The University of Connecticut men’s basketball team cannot compete for next year’s national championship after the NCAA denied the school’s appeal of a postseason ban based on its athletes’ academic performance.
The Huskies earlier had been ordered to sit out the 2013 NCAA tournament, because of its past players’ sub-par academic performance rate. Led by longtime coach Jim Calhoun, the program had won that tourney last spring and, thus, captured the national title.
The University of Connecticut appealed that ruling, but to no avail, both the school and the NCAA said Thursday.
“It is disturbing that our current players must pay a penalty for the academic performance of students no longer enrolled,” University of Connecticut President Susan Herbst said in a statement. “No educator or parent purposefully punishes young people for the failings of others.”
The NCAA defended the decision, with spokesman Erik Christianson stating “schools have known since 2006″ about the “serious penalties, including postseason restriction” for programs that did not meet set academic requirements.
“Also, in UConn’s first waiver denial, NCAA staff noted the men’s basketball team’s overall lack of academic achievement and minimal academic progress over several years,” Christianson said by e-mail to CNN.
The move is a result of the NCAA’s decision to implement a recommendation, backed by U.S. Education Secretary Arne Duncan and the Knight Commission on Intercollegiate Athletics, to penalize programs that did not or were not on track to graduate at least half of their student athletes.
“If you can’t manage to graduate half of your players, how serious is the institution and the coach and the program about their players’ academic success?” Duncan, who played basketball while attending Harvard, told reporters last spring. “Are you actually preparing your student athletes for success — is it just on the court or in life?”

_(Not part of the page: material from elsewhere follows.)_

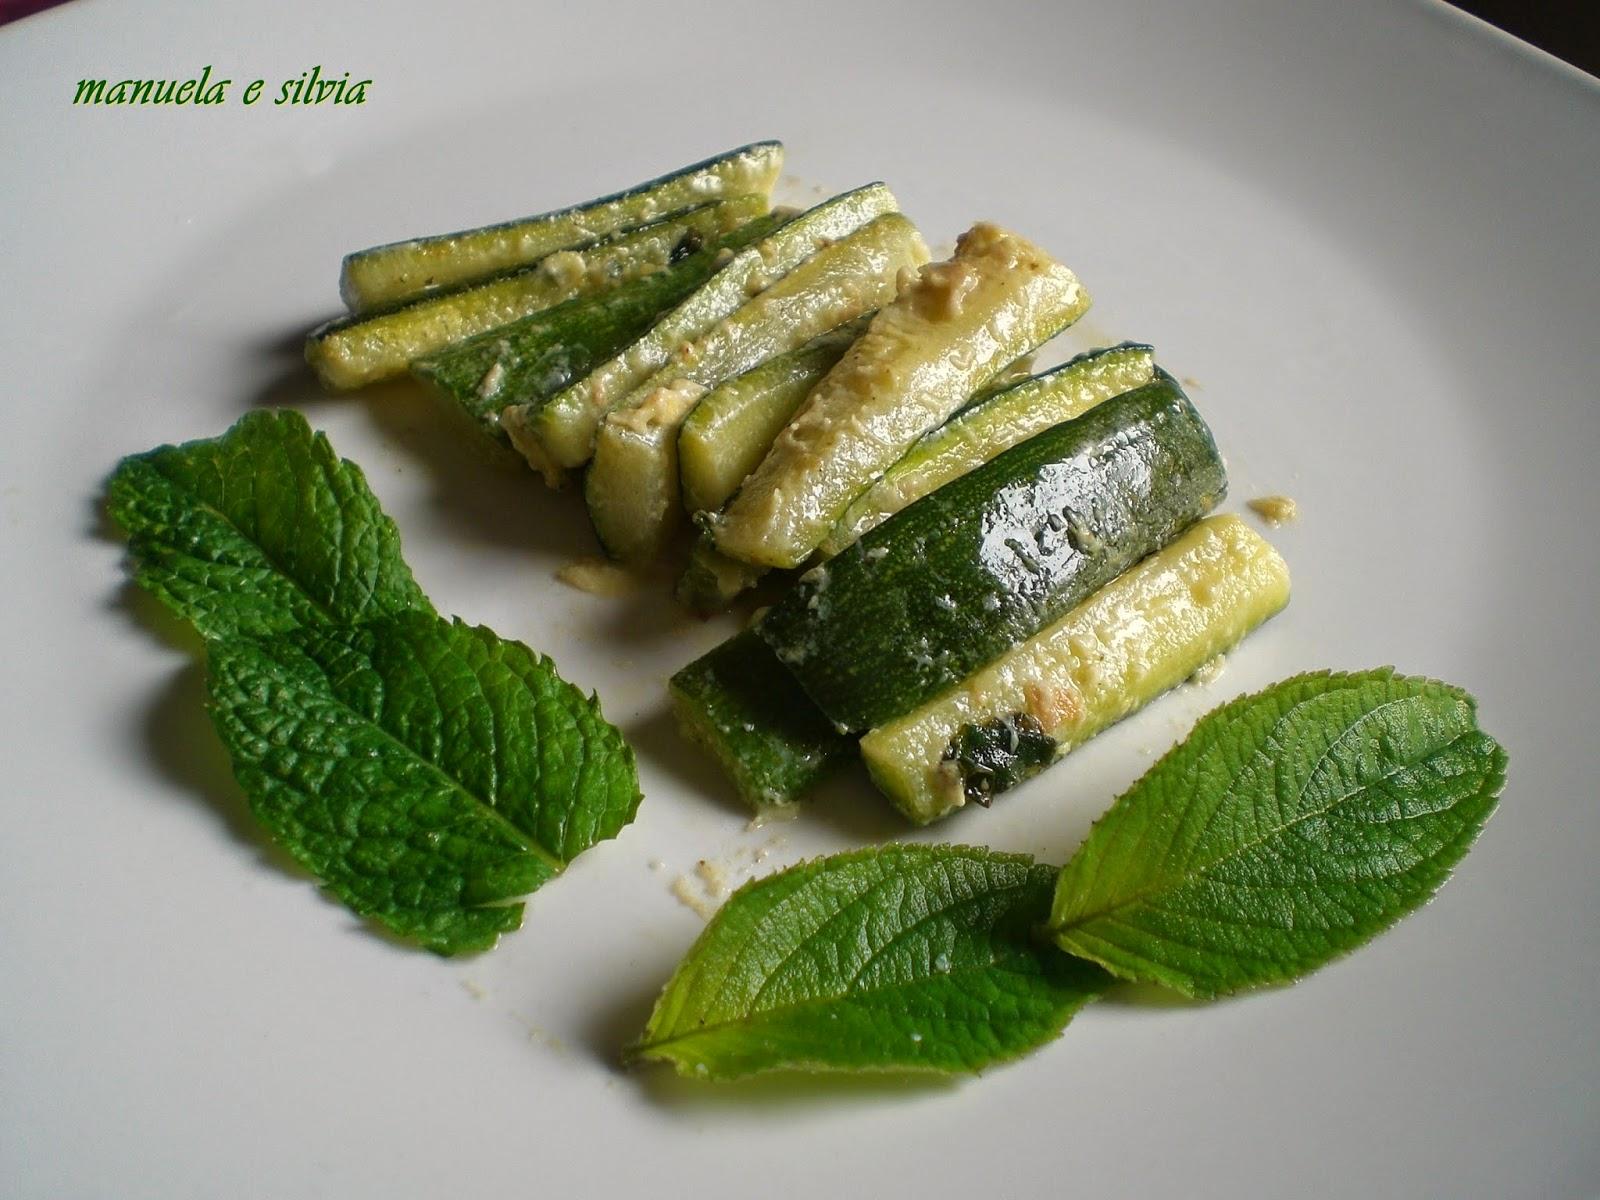 bastoncini di zucchine all'agro profumate alla menta e salvia ananas

The NCAA notes that a 930 APR, or academic performance rate, equates to a program being at the fulcrum to meet that criteria — with higher scores indicating that a program is on track to graduate more than half its players, and lower ones indicating it is not.
The APR score for the UConn men’s basketball’s team, based on data from the 2009-2010 academic year, was an 893, according to the NCAA’s website. That led to the NCAA immediately determining that the Huskies must offer two fewer scholarships, as well as setting the stage for next year’s postseason ban.